Alfalfa seed treated with Phygon at 1.00, 0.50 and 0.25% dosages by weight of seed gave high significant germination as compared with nontreated seed. Arasan at 1.00 %, Dow 9B and 1.00 %, and Spergon and 0.50% dosage rates were all superior to nontreatment, but less effective than Phygon. Nodulation was not inhibited by chemical treatment of seed alfalfa, mungbean, yellow hop clover, Chinese red cowpea, hairy vetch, and Austrian winter pea, when chemical treatment was followed by seed inoculation with "Nitragin" bacterial inoculum.
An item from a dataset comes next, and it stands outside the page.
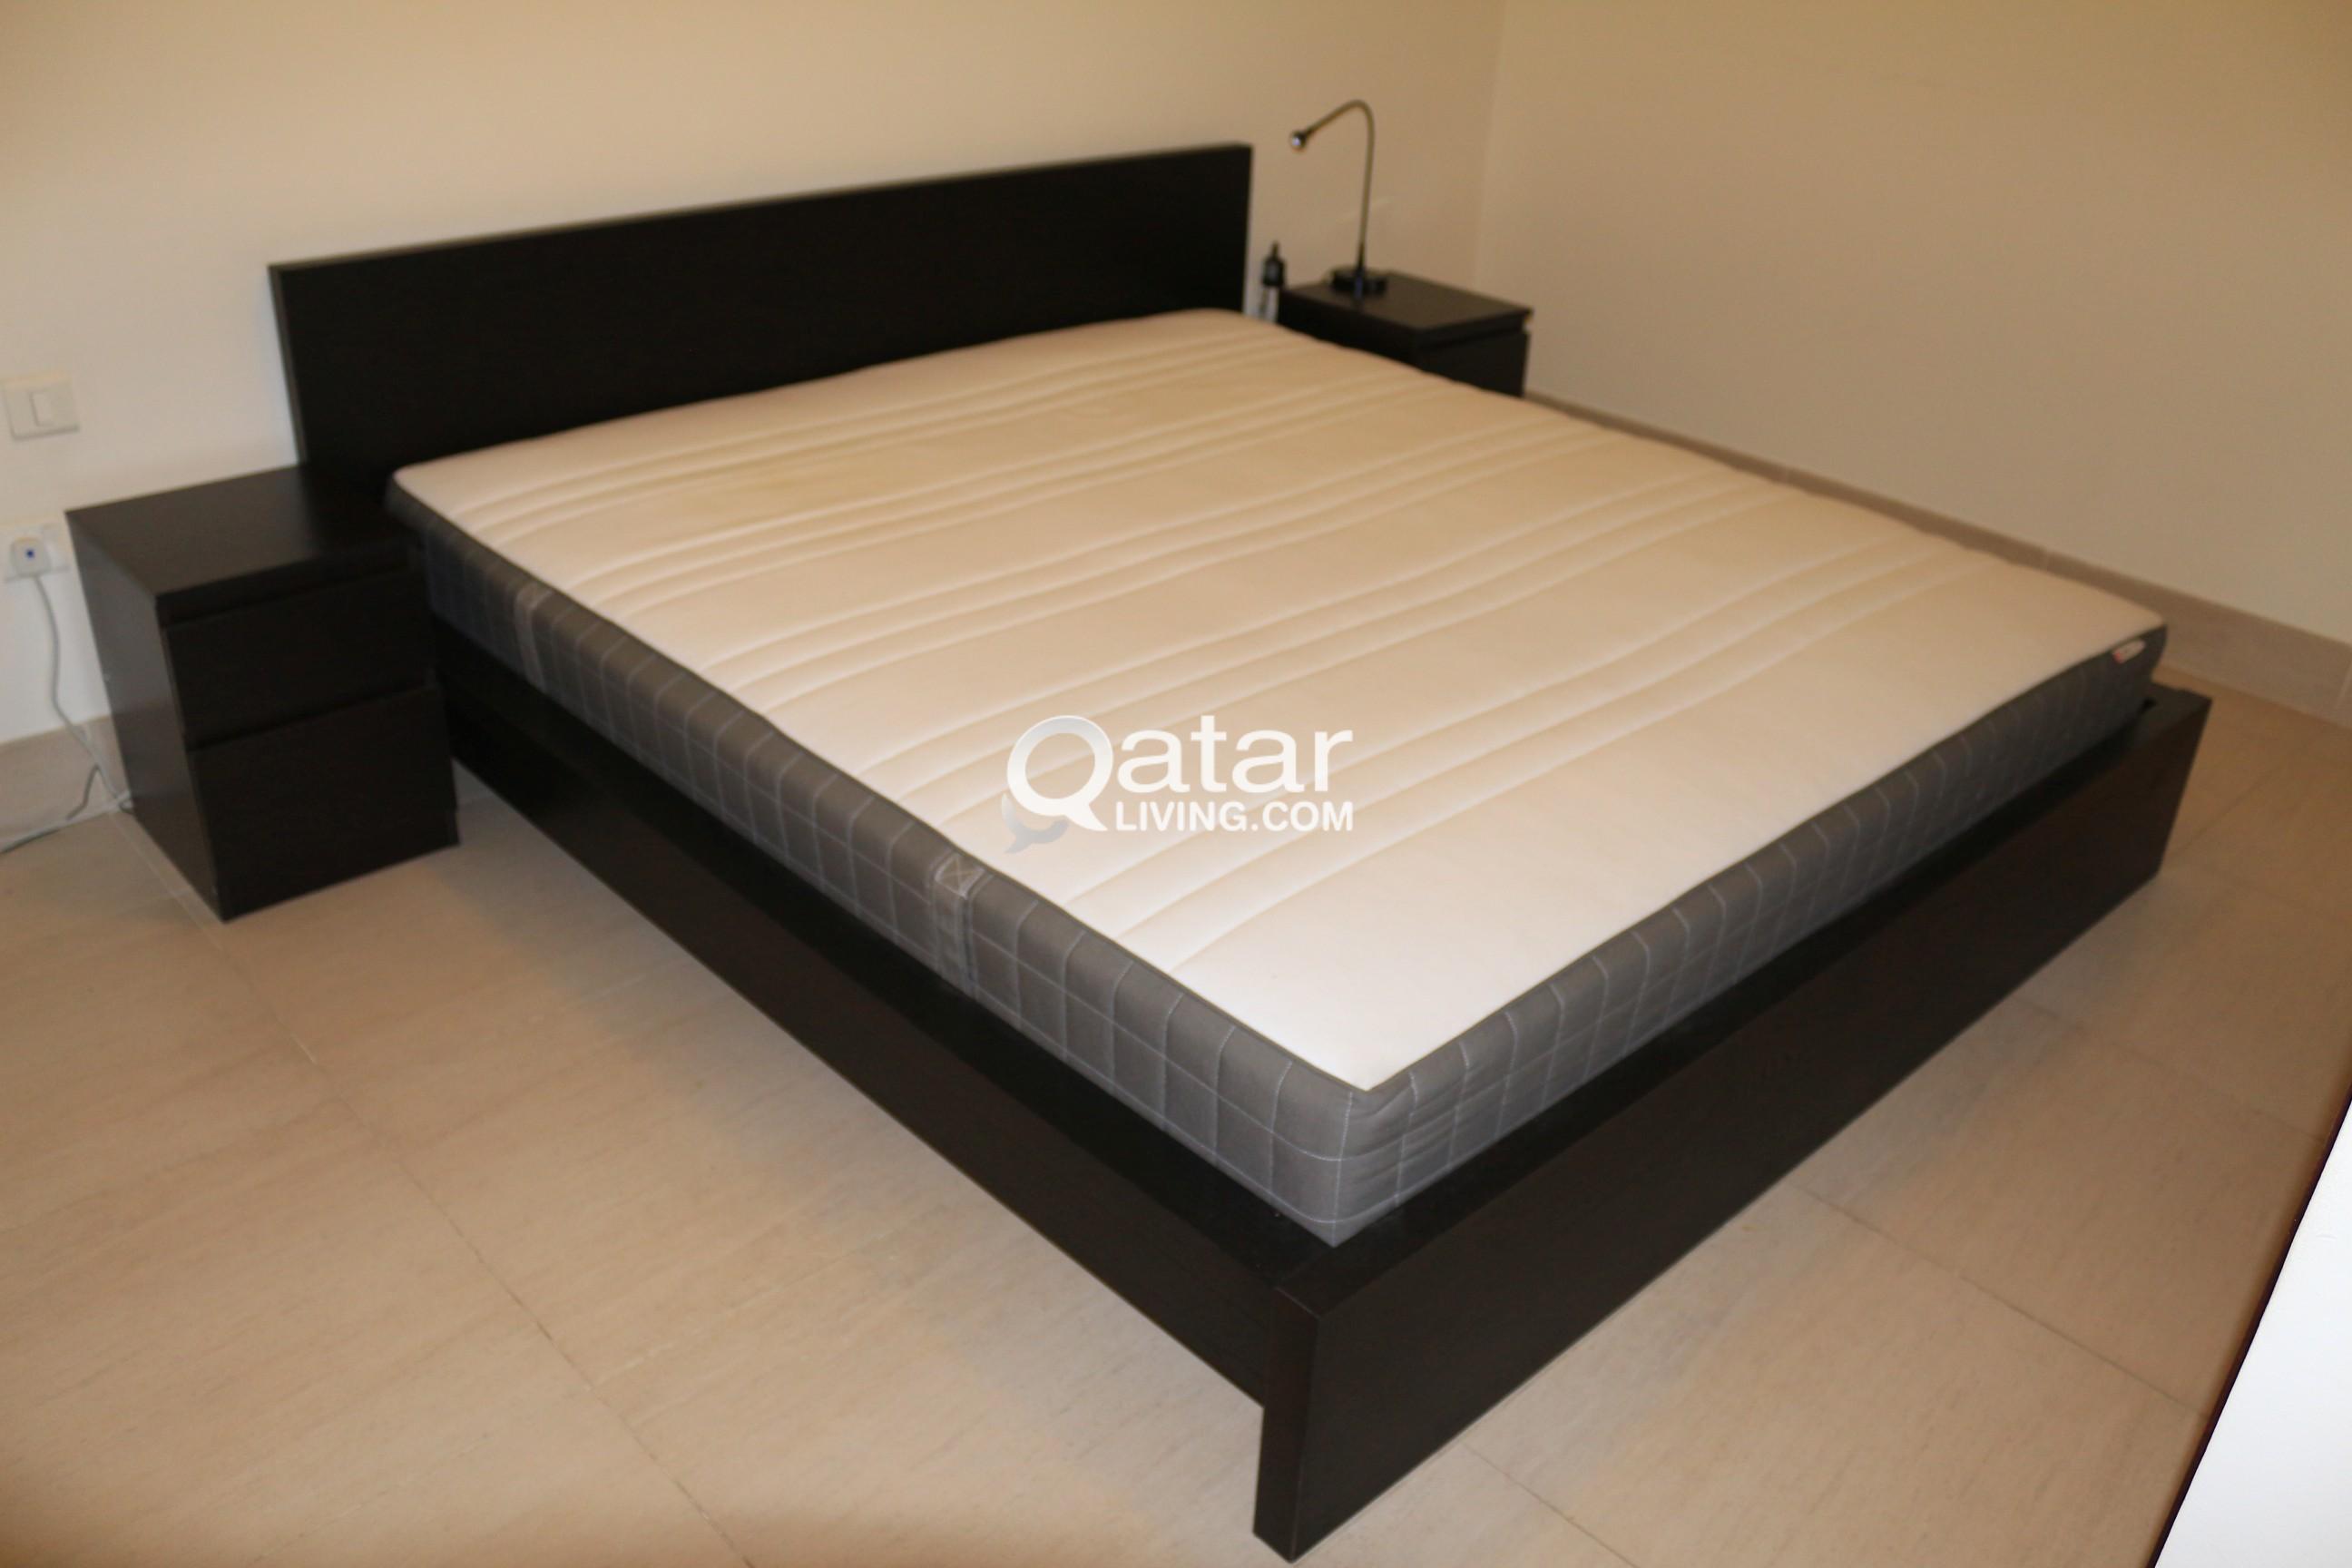 Ikea Malm Bed King Size Sprung Mattress Qatar Living

Nodulation of Chinese red cowpea was enhanced if seed of these legumes were treated with Phygon or Arasan and then inoculated with "Nitrigin". Chemically treated seed yielded more plants with nodules than nontreated seed. T: effect of seed treatments on alfalfa germination. Compatability of seed treatment and inoculation with nodule bacteria, and the effect on nodulation, in alfalfa and cowpea.
7524. White, J.G.H.. undated. Grain legumes in sustainable cropping systems; a review.. unpublished manuscript, Plant Science Dept..
This paper briefly reviews the role that grain legumes can play in sustaining cropping systems. It presents various estimates of N fixation of grain legumes, with lupin and fababean showing the highest rates, followed by peas and lentils, chickpeas, and soybeans. Phaseolus beans are generally poor N fixers. Fababeans are more tolerant of soil mineral N than other species and will still fix large quantities of N when mineral N is present. Under drought stressed conditions, peas and lentils were more efficient in N fixation than fababeans. Only in lupins and fababeans was N fixation normally greater than the N removed in the seed. The roots and nodules of grain legumes are likely to be the greatest source of N for following crops. This N is often quickly mineralized within several weeks after harvest, and strategies are needed to prevent its loss. Grain legumes are also beneficial break crops, particularly for soil-borne diseases, and can help to control certain grassy weeds. Preceding grain legumes with a brassica crop has reduced the incidence of Aphanomyces root rot in peas, due to sulfur containing compounds. Most grain legumes suffer reduced yields if soils are compacted and poorly aerated. The paper contains numerous references and tables on nitrogen relations.
7570. Wilkins, D.E. and J.M. Kraft. 1987. Crop residue management and pea root rot disease.. Am. Soc. Agric. Engrs., Paper No. 87-2510.
The objectives of this research were to determine the influence of placement of crop residue on the distribution and concentration of P. ultimum and F. solani f. sp pisi propagules and the associated impact of these root rot diseases on pea growth. Results suggest that conservation tillage which utilizes crop residue on and near the soil surface for erosion control can be used in areas like northeastern Oregon and southeastern Washington with cold and dry spring weather for fresh pea production and not expect serious increases in root rot diseases over clean till methods. T: Pea response to residue management.
8858. Chan, M.K. and R.C. Close. 1987. Aphanomyces root rot of peas. 3. Control by the use of cruciferous amendments.. New Zealand J. Agr. Res. 30:225-233.
Growing Brassica napus in Aphanomyces euteiches infested soils for four months reduced the disease severity index (DSI) from 25-50% in three soils tested. There was no reduction in control soils with no plants, wheat, or red clover. Incorporation of dry leaves and stems of five cruciferous species also reduced DSI and oospore numbers. Reductions were greater after 6 weeks than after 3 weeks. Some species were more effective than others - Brassica napus was particularly good.